▶ _EXERCISE REQUIREMENTS_: Every line of the listing below is to be repeated exactly; the pictures stay out.

▶ _RECORDED DATA_:
##########
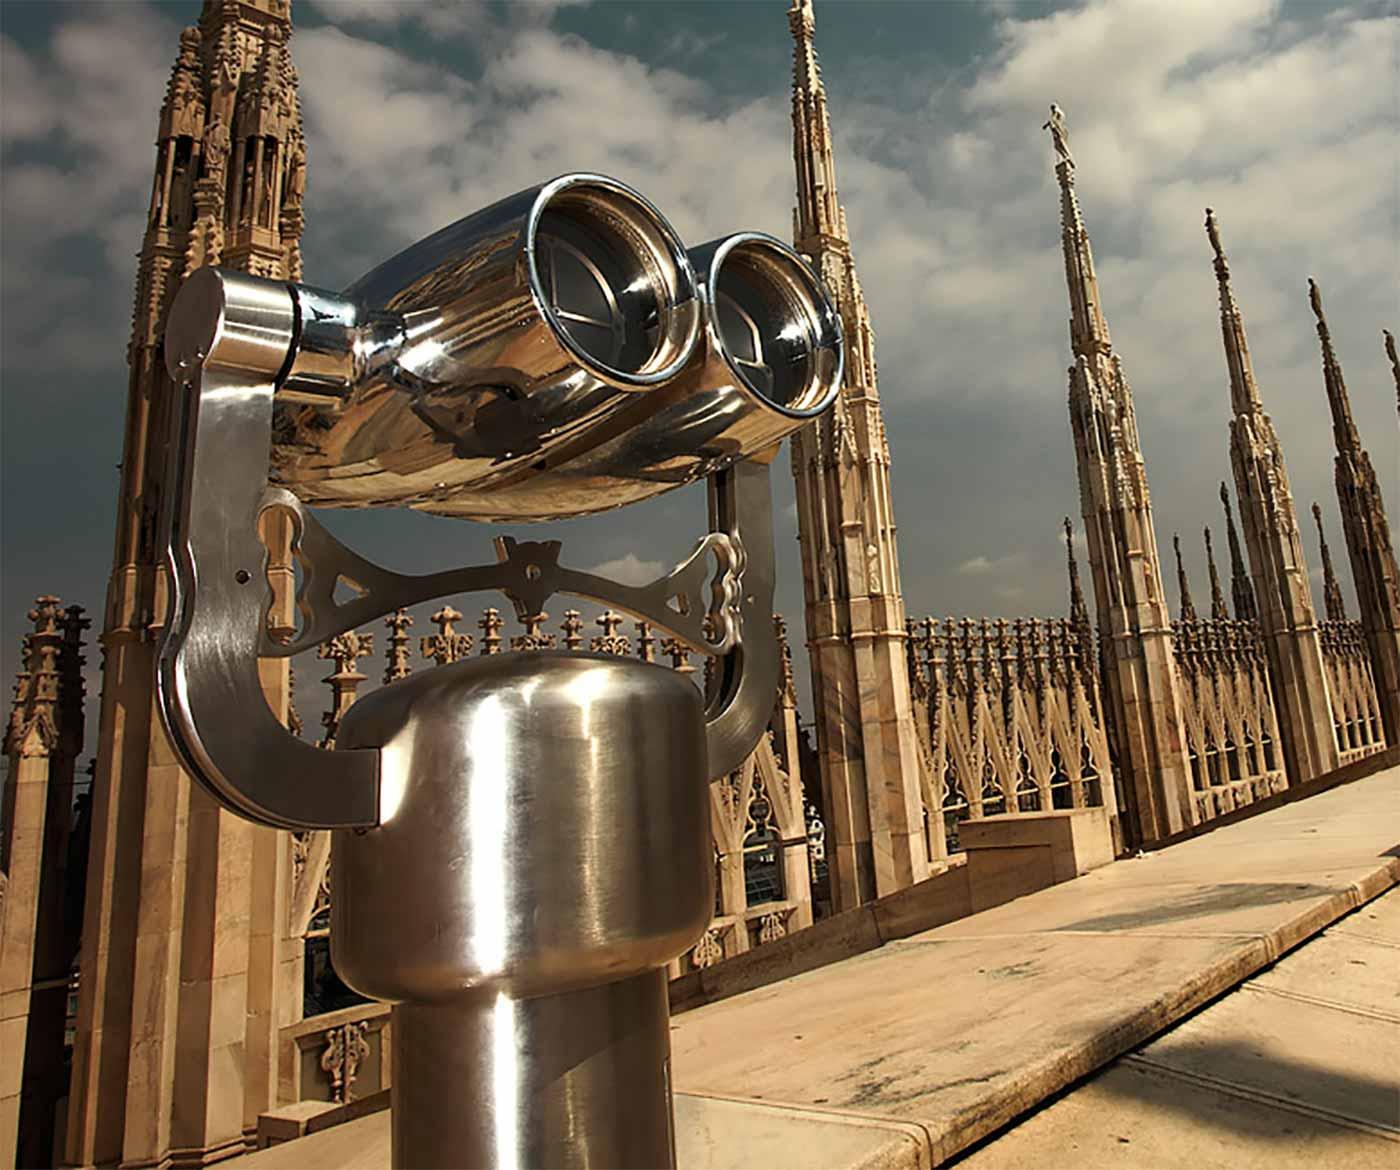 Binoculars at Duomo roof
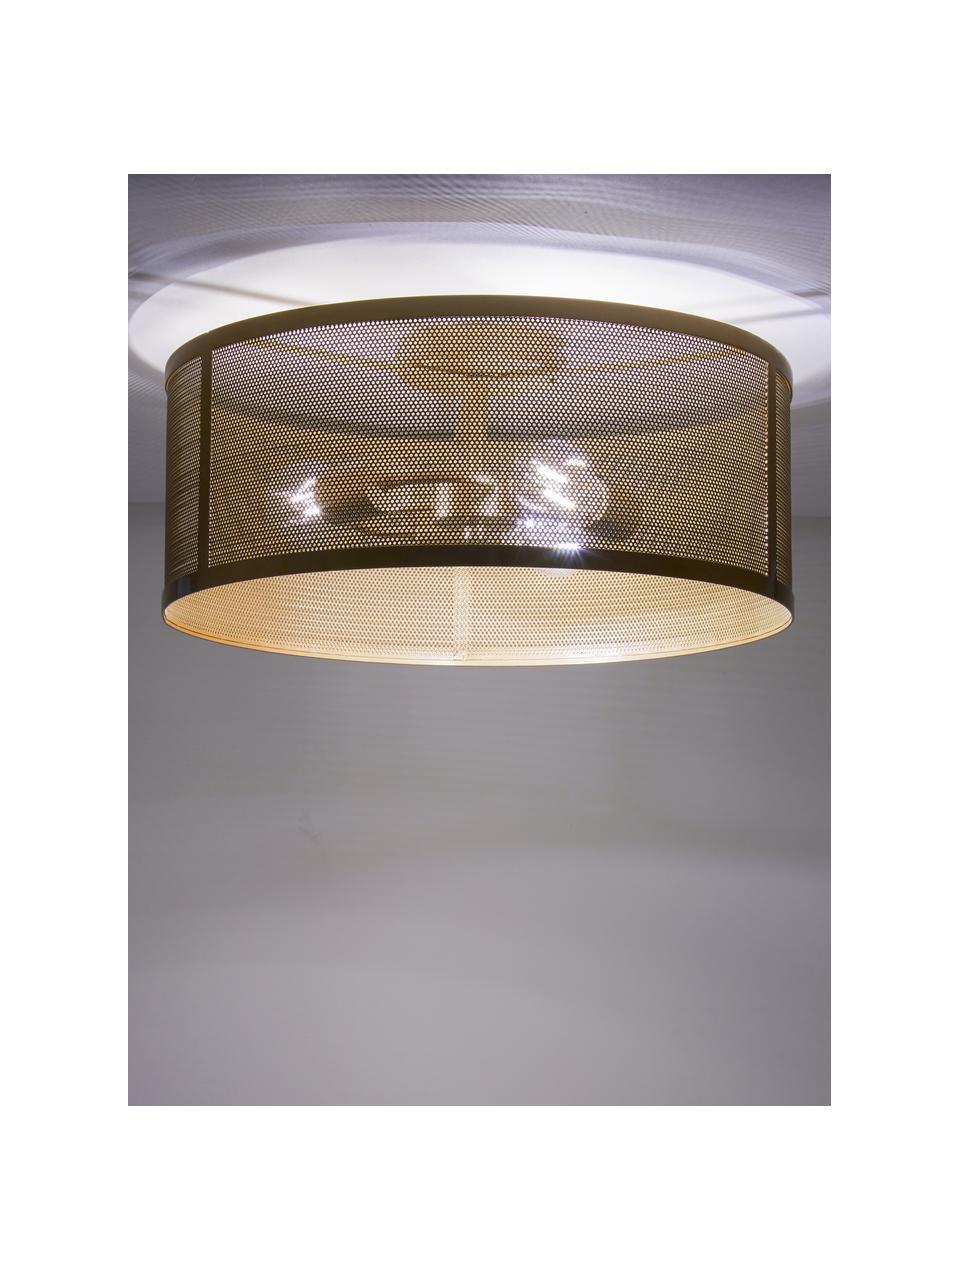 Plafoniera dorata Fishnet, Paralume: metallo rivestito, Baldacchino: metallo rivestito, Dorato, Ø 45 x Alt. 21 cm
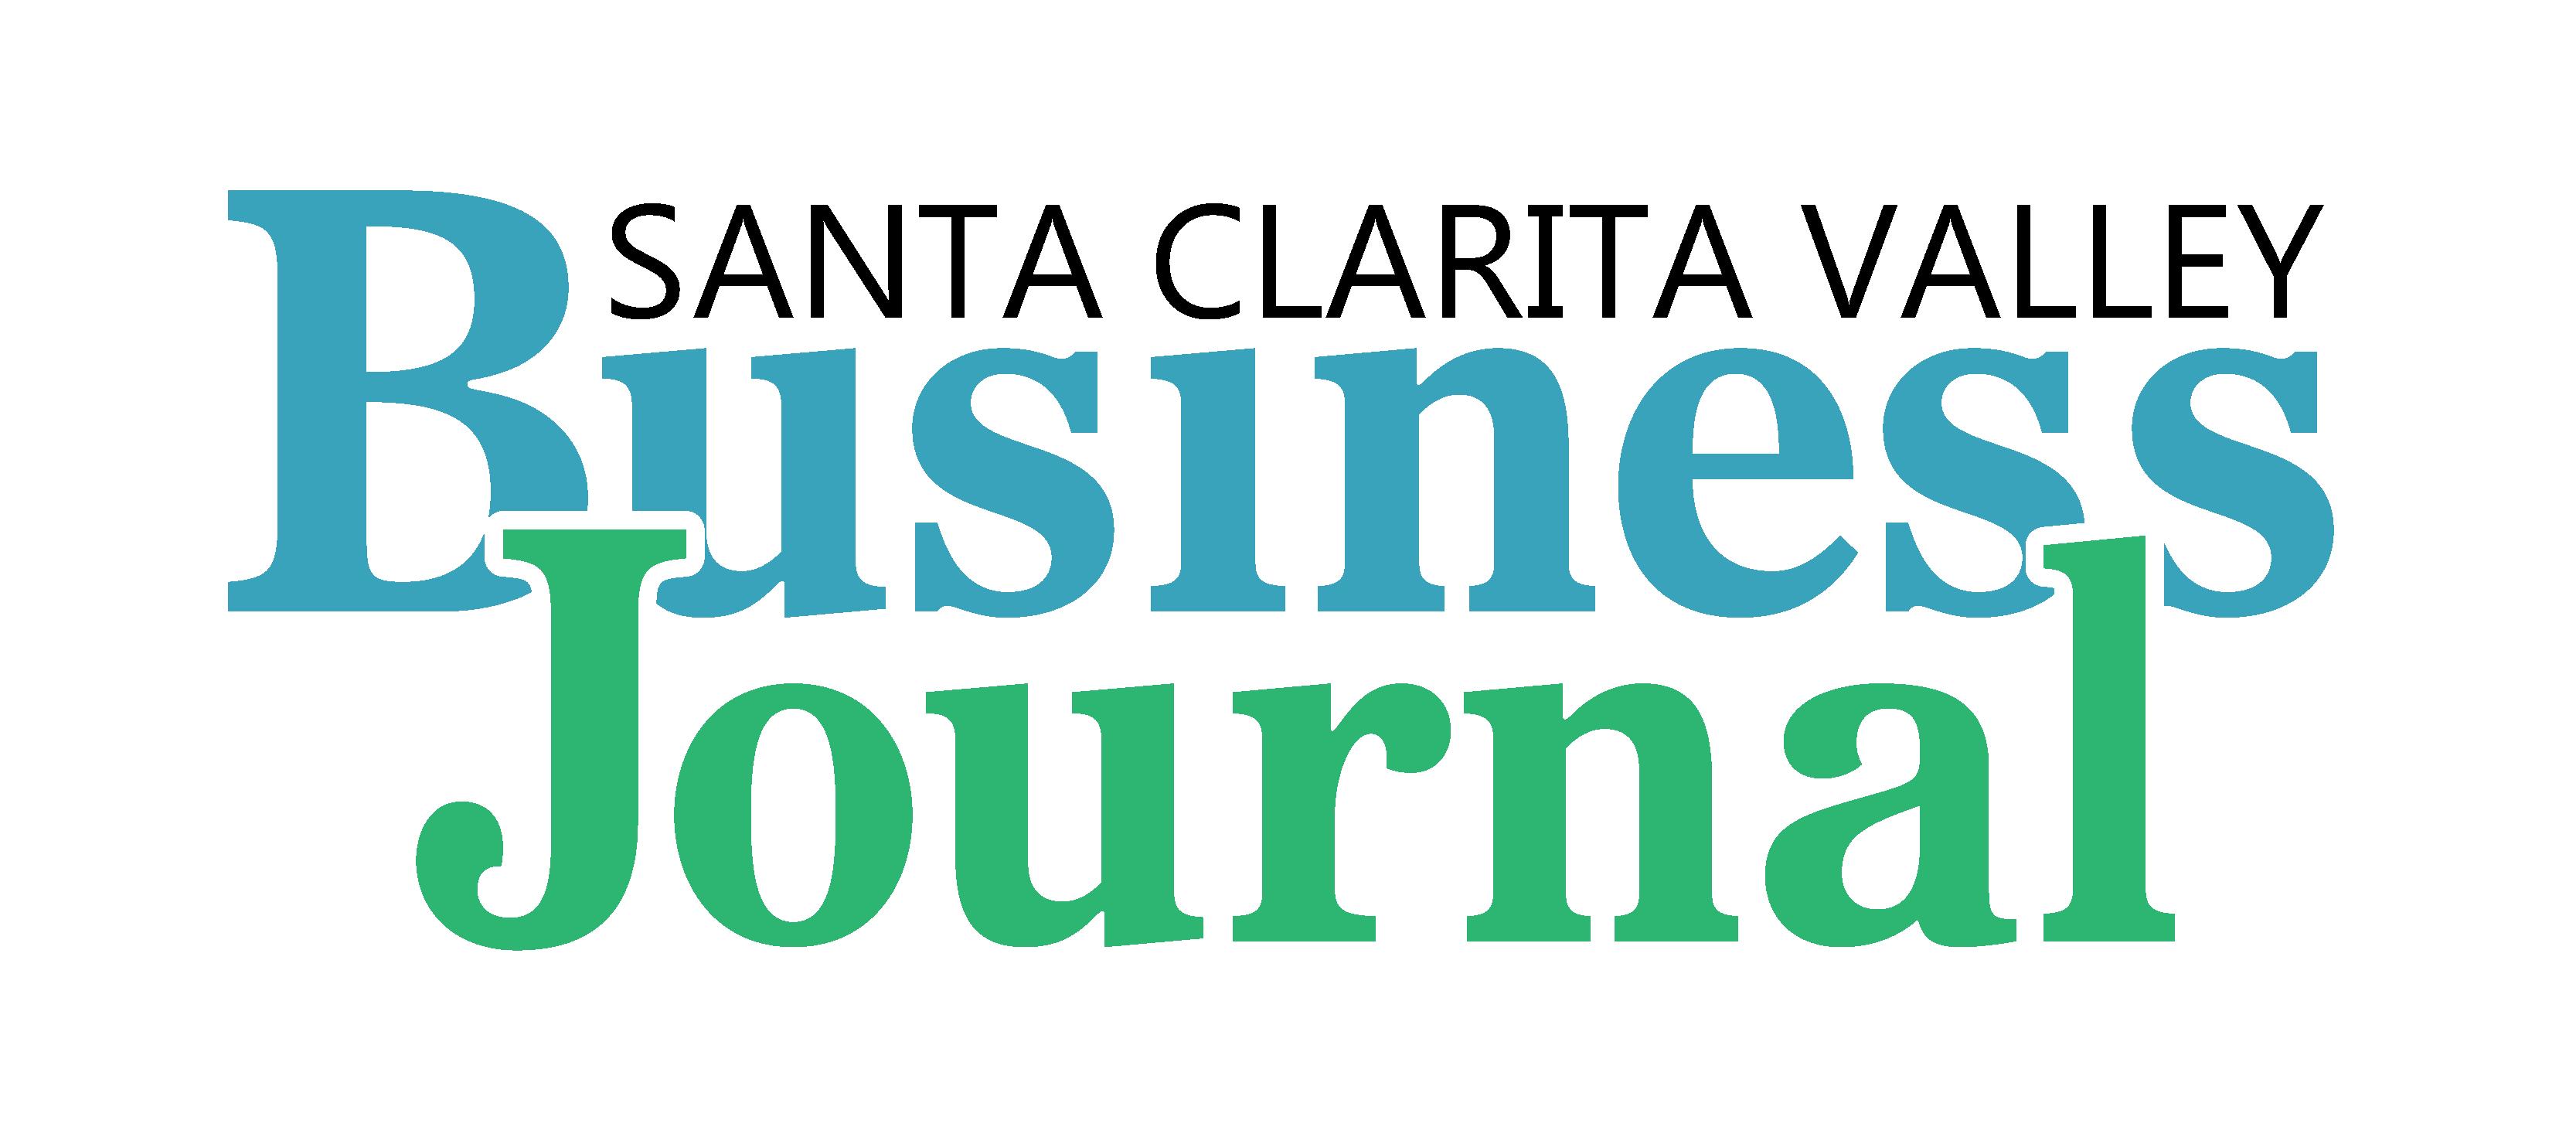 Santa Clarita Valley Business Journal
##########
▶ _TASK RESPONSE_:
 Binoculars at Duomo roof
 Plafoniera dorata Fishnet, Paralume: metallo rivestito, Baldacchino: metallo rivestito, Dorato, Ø 45 x Alt. 21 cm
 Santa Clarita Valley Business Journal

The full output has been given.